About this task
The word "Throw" marks the lines to find; copy every such line from the data below.

Collected data
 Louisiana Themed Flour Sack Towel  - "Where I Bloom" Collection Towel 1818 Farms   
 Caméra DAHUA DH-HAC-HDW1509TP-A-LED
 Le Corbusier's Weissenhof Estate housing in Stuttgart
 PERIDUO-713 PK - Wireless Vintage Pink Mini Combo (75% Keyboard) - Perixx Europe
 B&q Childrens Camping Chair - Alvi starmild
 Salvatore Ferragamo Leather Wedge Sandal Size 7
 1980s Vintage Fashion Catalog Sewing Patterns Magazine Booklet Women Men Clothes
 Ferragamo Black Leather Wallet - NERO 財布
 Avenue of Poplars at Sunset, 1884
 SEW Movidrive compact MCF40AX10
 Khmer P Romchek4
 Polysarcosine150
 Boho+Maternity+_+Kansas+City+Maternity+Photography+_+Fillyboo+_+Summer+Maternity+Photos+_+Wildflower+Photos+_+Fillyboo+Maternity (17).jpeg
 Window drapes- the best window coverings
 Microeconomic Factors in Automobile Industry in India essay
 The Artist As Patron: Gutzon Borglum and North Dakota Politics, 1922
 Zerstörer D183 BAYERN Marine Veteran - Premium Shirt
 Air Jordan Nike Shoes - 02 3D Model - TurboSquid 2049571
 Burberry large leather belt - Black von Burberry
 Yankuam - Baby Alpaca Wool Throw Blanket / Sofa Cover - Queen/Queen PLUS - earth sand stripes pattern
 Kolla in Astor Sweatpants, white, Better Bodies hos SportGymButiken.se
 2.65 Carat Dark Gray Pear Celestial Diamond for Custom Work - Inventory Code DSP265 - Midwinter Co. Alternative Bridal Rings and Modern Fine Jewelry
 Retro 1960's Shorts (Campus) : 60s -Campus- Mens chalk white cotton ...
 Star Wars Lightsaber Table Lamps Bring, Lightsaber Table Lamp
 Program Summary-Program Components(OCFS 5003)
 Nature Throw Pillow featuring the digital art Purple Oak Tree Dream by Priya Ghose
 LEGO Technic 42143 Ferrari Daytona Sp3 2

Reply
 Yankuam - Baby Alpaca Wool Throw Blanket / Sofa Cover - Queen/Queen PLUS - earth sand stripes pattern
 Nature Throw Pillow featuring the digital art Purple Oak Tree Dream by Priya Ghose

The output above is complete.